CONTAINER_ID=$(sudo docker ps --format '{{.ID}}')
sudo docker exec -it $CONTAINER_ID bash -c "iex --name [email protected] --cookie my_cookie"

Once inside, you can then try to poke around or if need be, at your own peril inject modified code dynamically of the module you would like to inspect. An easy way to do that would be to create a file inside the container and to invoke a Node.spawn_link target_node, fn Code.eval_file(file_name, path) end

In the case your production node is already running and you do not know the cookie, you can go inside your running container and do a ps aux > t.log and do a cat t.log to figure out what random cookie has been applied and use accordingly.

Docker serves as an impediment to the way epmd is able to communicate with other nodes.

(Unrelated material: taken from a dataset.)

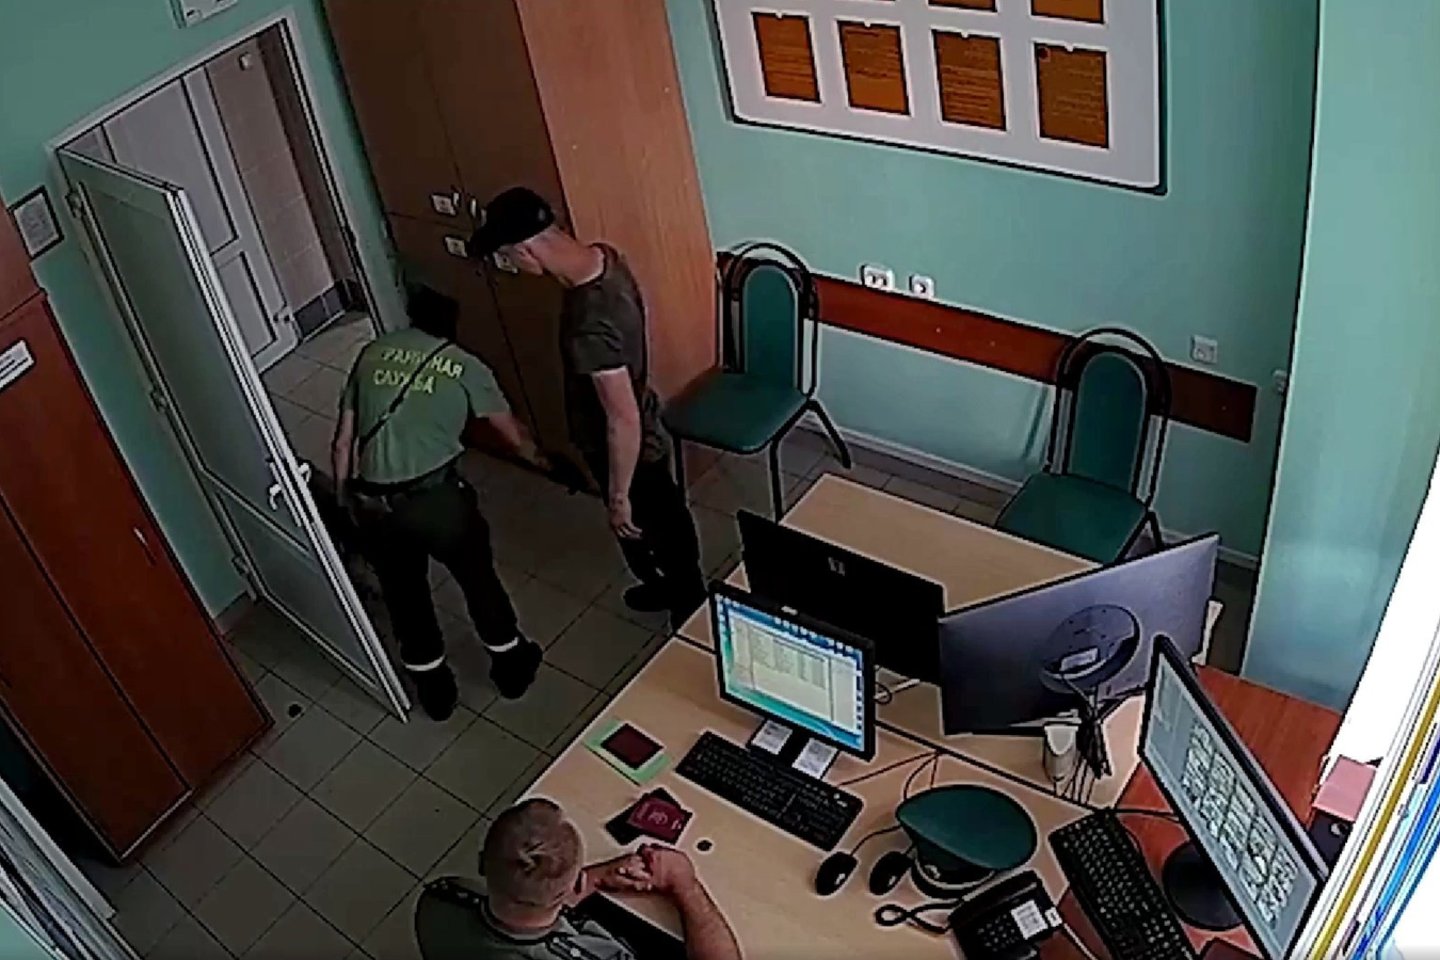  Baltarusiai pasienyje sulaikė lietuvį ir apkaltino jį narkotikų kontrabanda.<br> Stop kadras iš vaizdo medžiagos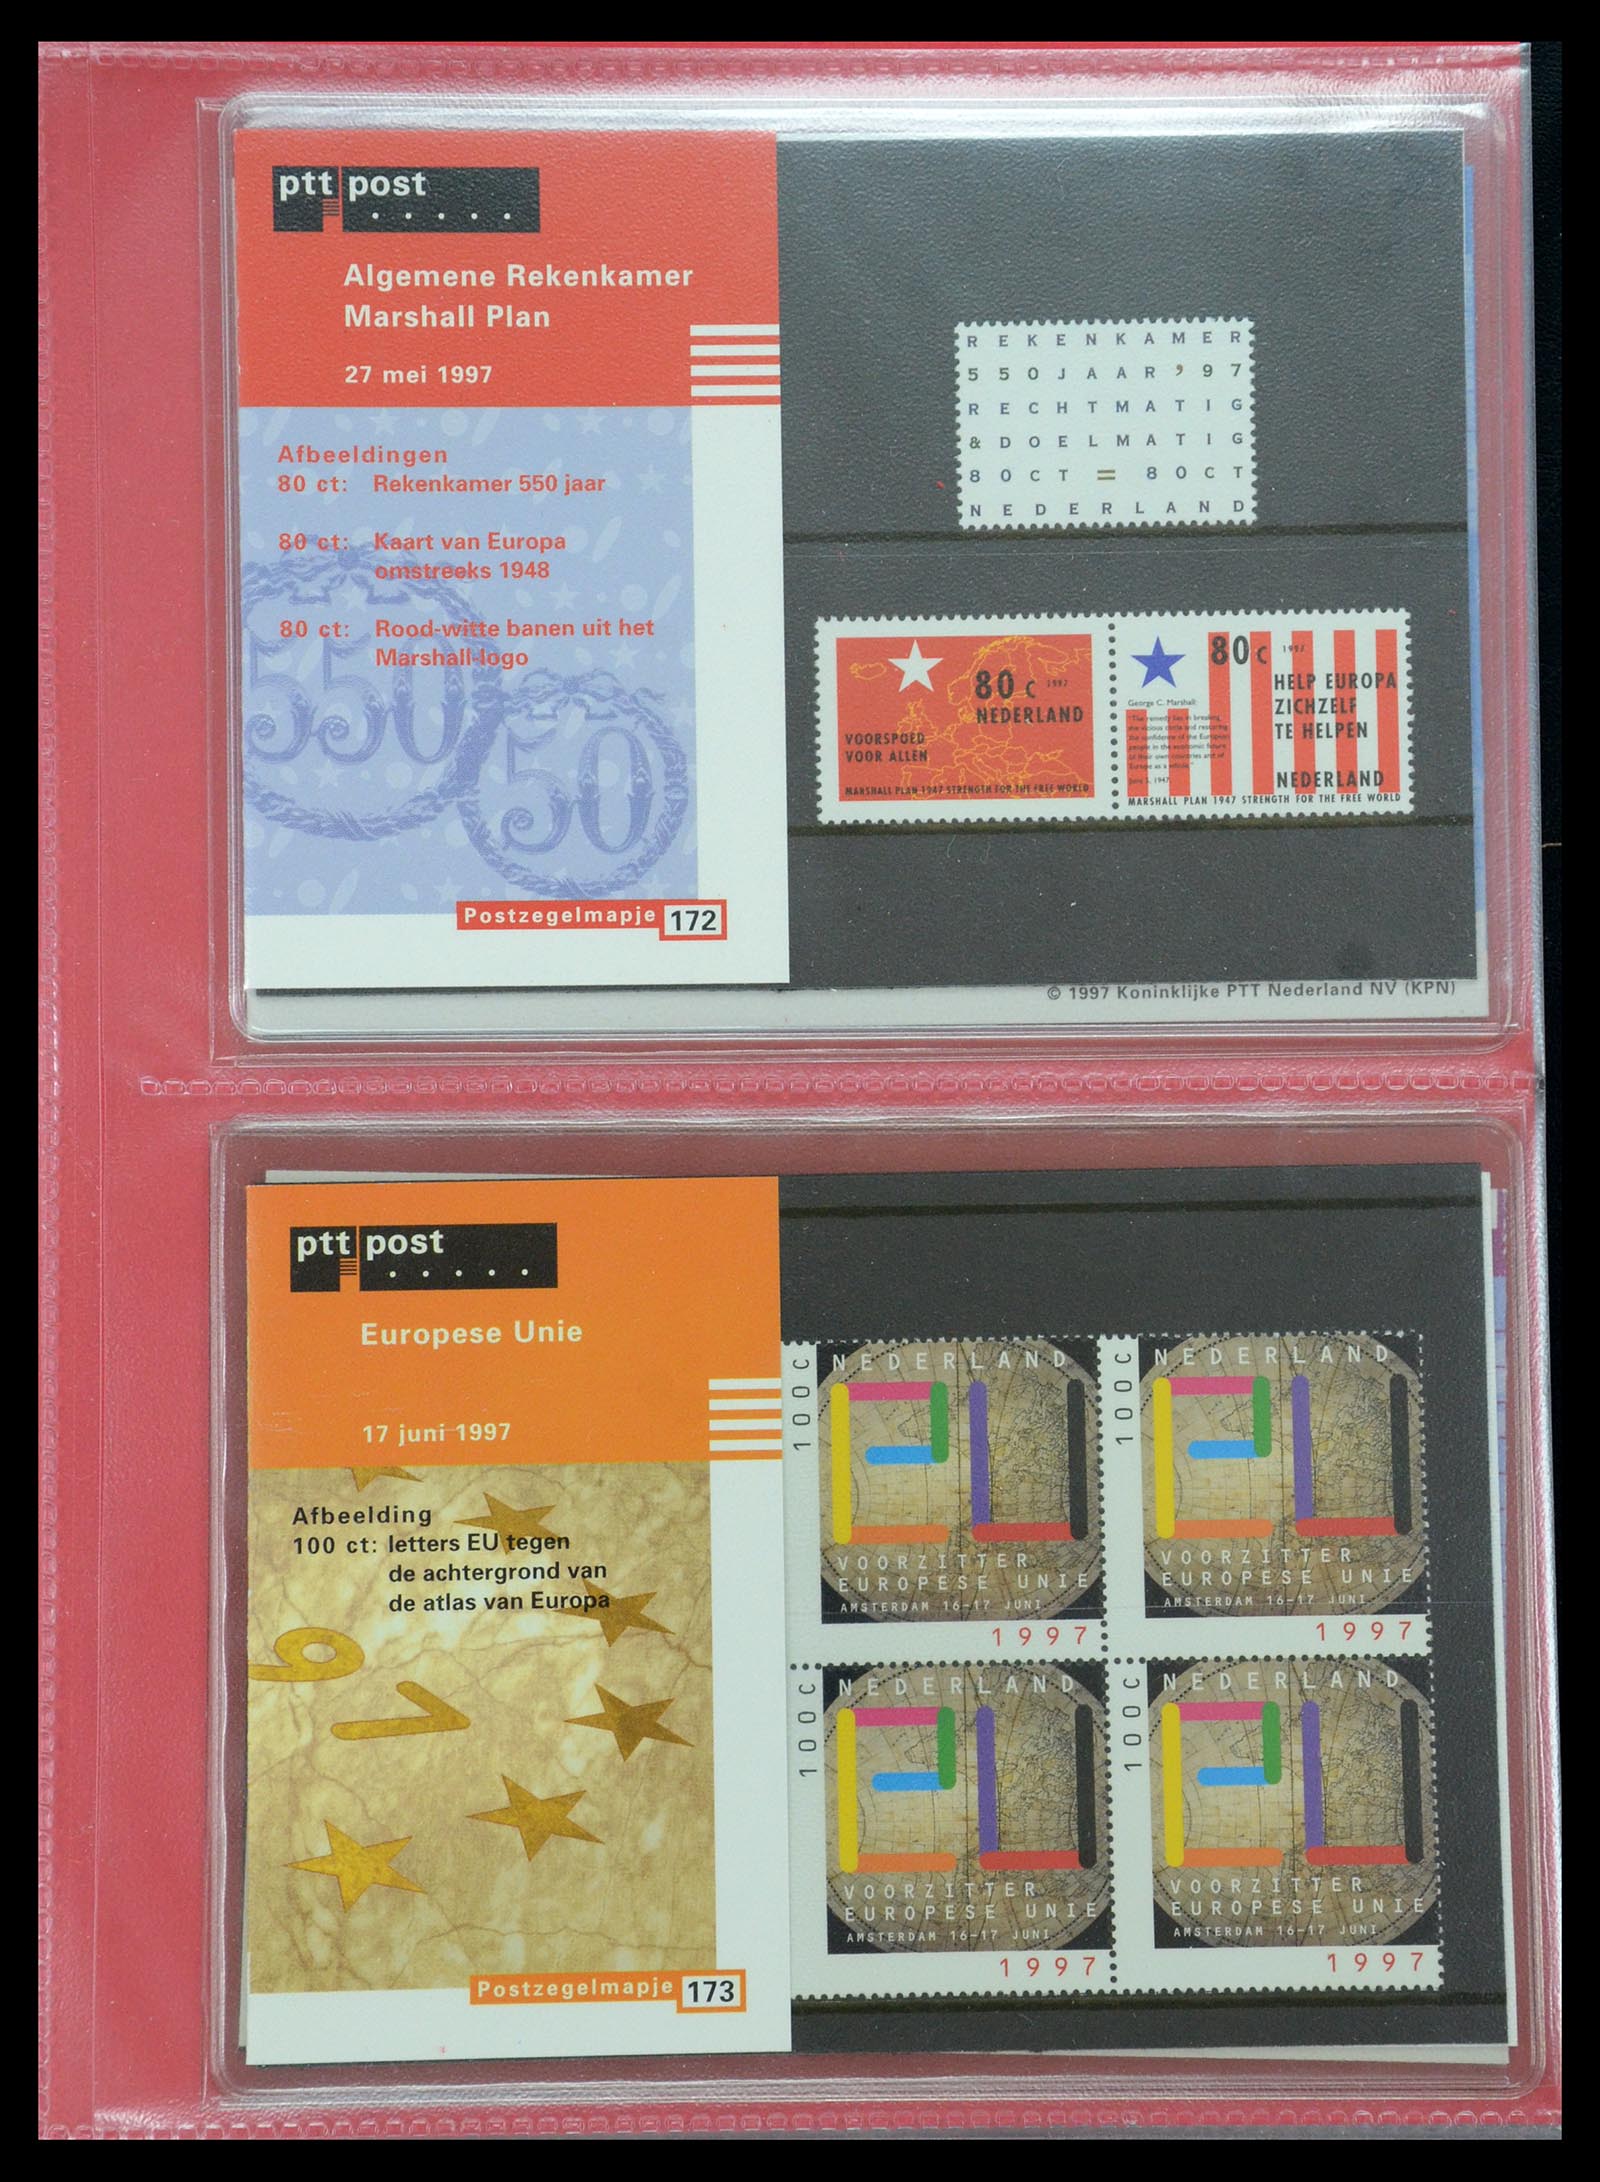 35692 089 - Stamp Collection 35692 Netherlands presentation packs 1982-2021!!

The best therefore would be to rather create your own AWS AMI image using Packer and do bare metal deployments instead.

Amazon has recently released a new feature to AWS ECS, AWS VPC Networking Mode, which perhaps may facilitate inter-container epmd communication and thus connecting to your node directly. I have not tried it out as yet, I may be wrong.

In the case that you are running on a provider other than AWS, then figuring out how to get easy access to your remote logs with some SSM agent or some other service is a must.

votes

I would recommend using some sort of exception handling tools, so far I am having great experiences on Sentry.